With Japan and the Middle East in turmoil, critics are blasting Obama's Latin America tour as ill-timed—but the economic recovery could depend on it. Mac Margolis reports from Brazil
With the nuclear emergency in Japan, much of the Middle East in turmoil, and a near budget meltdown in the United States Congress, President Barack Obama’s decision to spend a week in Latin America might seem ill advised. Air Force One was already on the ground in Brazil when the first rebel jet was downed in the Libyan no-fly zone earlier today. And yet, Obama never wavered.
Photos: President Obama Visits Brazil
Starting today, when he meets with Brazilian president Dilma Rousseff, Obama kicks off a three-country, four-city swing of a region that has long been on Washington’s to-do list but rarely as a diplomatic priority. That may be changing. In a trip that will take him to Brazil, with visits to Brasilia and Rio de Janeiro, then Chile and finally El Salvador, Obama will find a chunk of the world that, with few exceptions, is stable, prosperous, friendly, and solidly democratic. A region that was once a chronic trouble spot in the international economy is now seen as a solution, courted by investors, its leaders suddenly on every dance card.
At a time when global markets are still struggling, Latin America may be one of the few sources of good news for recovering U.S. economy and a rare opportunity to tap new alliances. Thanks to close to two decades of economic reforms that tamed inflation, stanched populist spending, and opened markets to global completion, most of Latin America weathered the global financial crisis unscathed and was one of the first regions of the world to emerge from recession. The region is set to grow by more than 4 percent this year. Brazil, the regional powerhouse, grew 7.5 percent last year. Every $1 billion dollars the U.S. exports to Latin America represents 5,000 jobs in America. “The impressive growth that we've seen in Latin America in recent years is good for the people of the hemisphere, and it's good for us,” Obama wrote in Friday’s USA Today.
Others also have noticed. While the U.S. has been distracted by war in Afghanistan and emergencies in the Middle East, China has moved quietly into Latin America, buying up not just commodities like soy beans and iron ore but scooping up major stakes in Latin mines, farms, refineries, and ports.
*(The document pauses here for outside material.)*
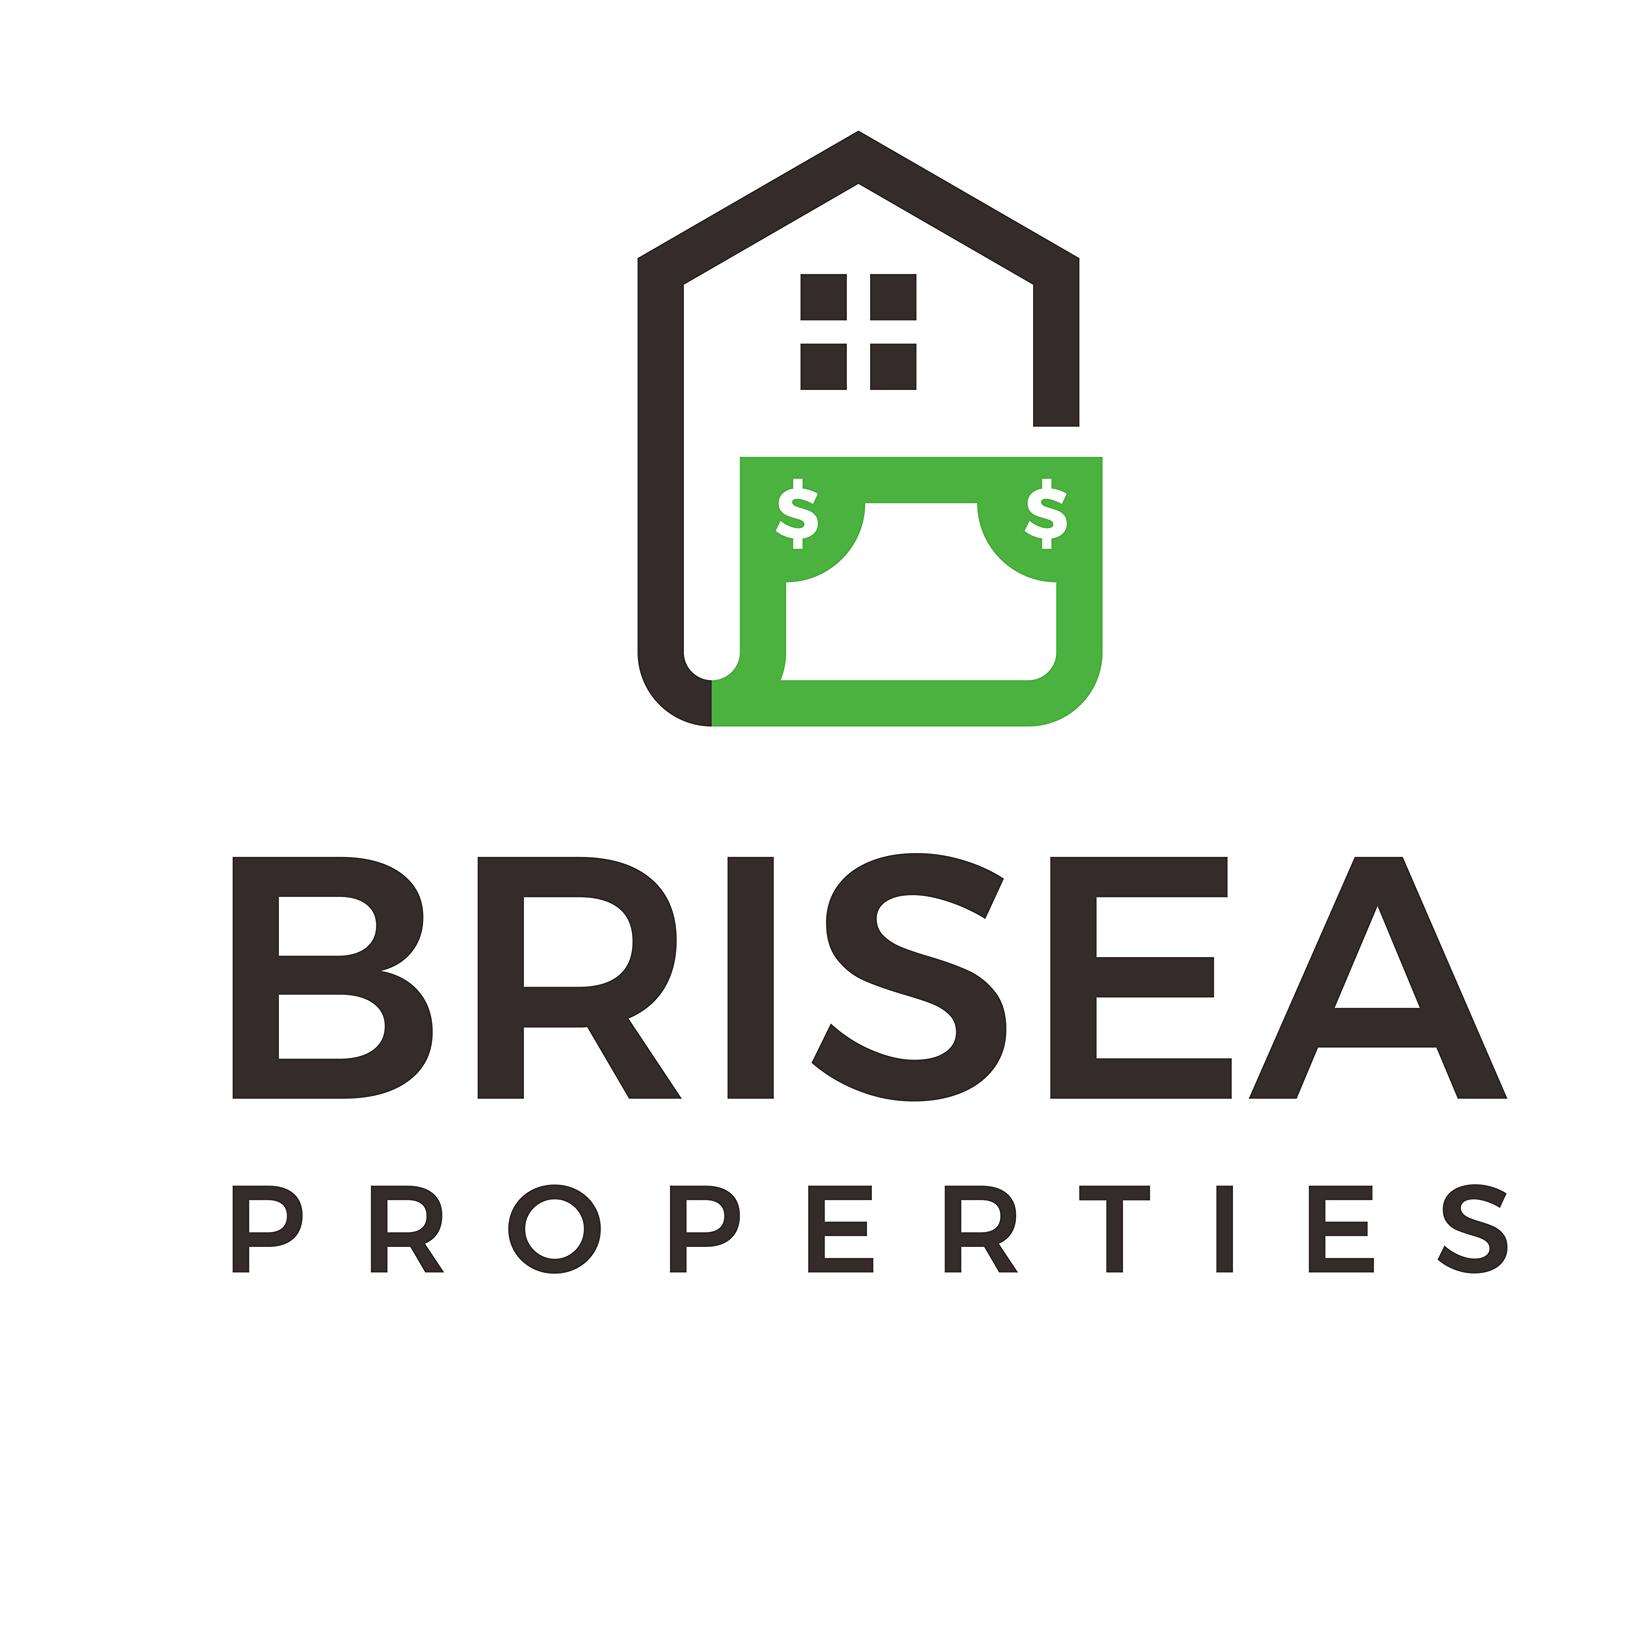 Brisea Properties | 2257 N. Loop 336 W. #140 PMT 104 Conroe, TX 77304 | Phone: (936) 228-9273

China is now the biggest importer of Latin American goods, buying $44 billion in 2009, against $5 billion in 2000. It recently overtook the U.S. to become Brazil’s and Chile’s largest trading partner, and will likely trump the EU in the region by 2015.
Though Beijing’s interest in Latin America is solely economic, its growing footprint in a region the U.S. considered - archly at times - its own backyard is jolting. Adding to the slight, Colombian president Juan Manuel Santos, frustrated over Washington’s failure to ratify a bilateral free trade agreement with the U.S., recently announced he was in “advanced” talks with the Chinese over building a cross-country railway from the Caribbean coast to the Pacific to haul coal and other commodities bound for China. The projects nickname, tellingly, is the “dry Panama Canal.”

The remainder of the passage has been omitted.